February 25, 2009
Partial overview of Ab Initio Software
Ab Initio is an absurdly secretive company, as per a couple of prior posts and the comment threads on same. But yesterday at TDWI I actually found civil people staffing an Ab Initio trade show booth. Based on that conversation and other tidbits, I think it’s fairly safe to say:
- Ab Initio sells high-end data integration software.
- Ab Initio commonly costs $1/2 million or so.
- Ab Initio’s core claims include:
- “It just works”
- Ab Initio has great performance, even on big tasks.
- Unlike many competitors, Ab Initio has an integrated product line written from scratch. (Hence the “Ab Initio” name.)
- Like most data integration software – Talend is an exception – Ab Initio includes an execution engine.
- Everybody agrees that Ab Initio’s software has great performance, although Talend claims to come close and Expressor claims to be faster yet. But rivals assert that besides having high license fees, Ab Initio’s software is also very consumptive of hardware resources.

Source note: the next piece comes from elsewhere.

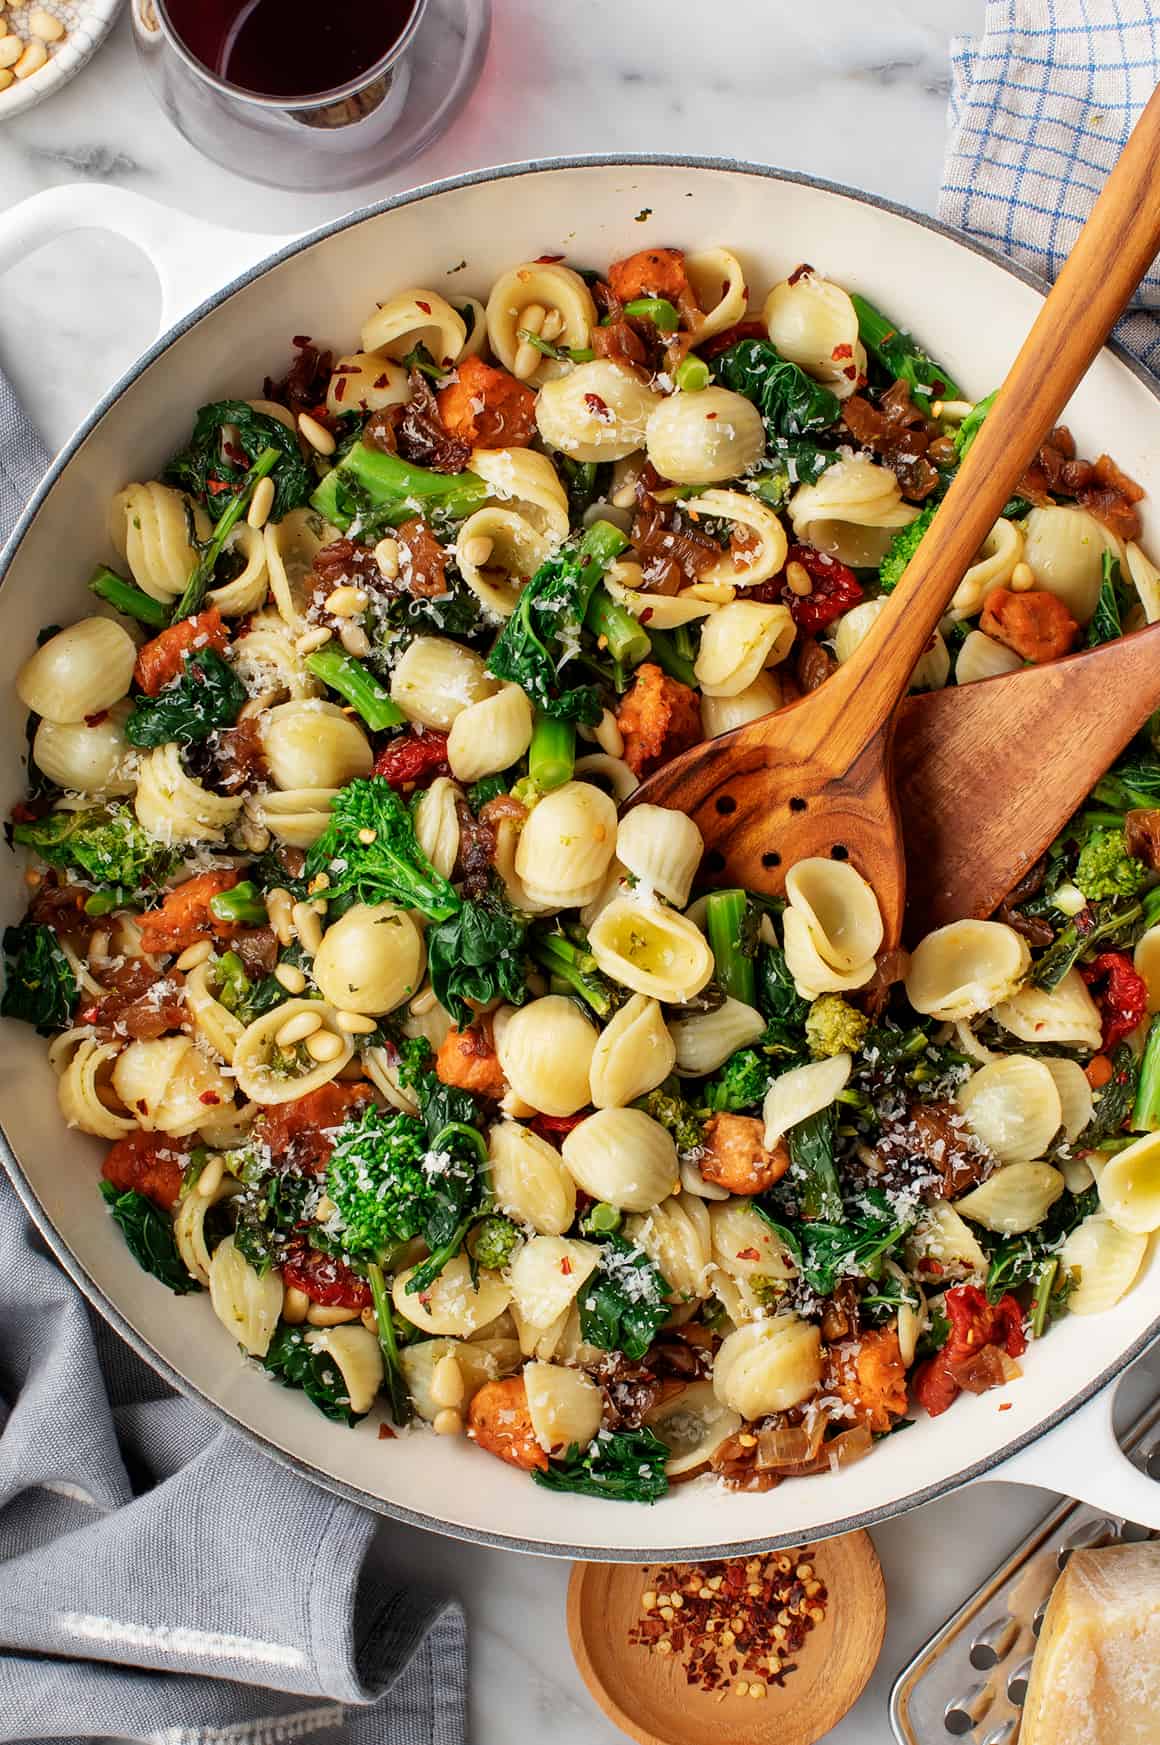 Orecchiette pasta with broccoli rabe

Certainly I’d suggest checking that aspect carefully if you ever get into an Ab Initio POC. Perhaps that’s what Ab Initio means by saying its software uses any and all hardware resources. 😉 )
- Price isn’t the only regard in which Ab Initio is hard to do business with. Another is secretive business practices. For example, Ab Initio – confident in the quality of its software – pushes prospects toward POCs (Proofs-Of-Concept). But it wraps so many NDA requirements around these that some prospects walk away.
- Not surprisingly, Ab Initio has added lots of features over the years, especially in response to prospect or customer requests. Examples I was given include:
- IBM OS/390 support (including COBOL copybooks, etc.)
- SOAP/XML support. Associated with that is a story that boils down to “With great encapsulation, one can change a complex system of data integration processes incrementally without going crazy.”
- A compressed file system that can directly store 100s of TBs of user data, with very fast query performance. Apparently, this is not at the extremes of inflexibility, as it is realistic to have up to 5-6 keys on a table (at least). Associated with that is a story that boils down to “Hey, if you’re only getting at something via web services, you’re limited in how you can query it anyway. Worst case – your needs expand and you decide to put the data back in a true DBMS after all.”
- Similarly, Ab Initio claims that its software is easier to use than rival, cobbled-together products. While Ab Initio may not dispute the existence of products that can get data integration tasks done more simply, it argues that these products do a lot less than Ab Initio does.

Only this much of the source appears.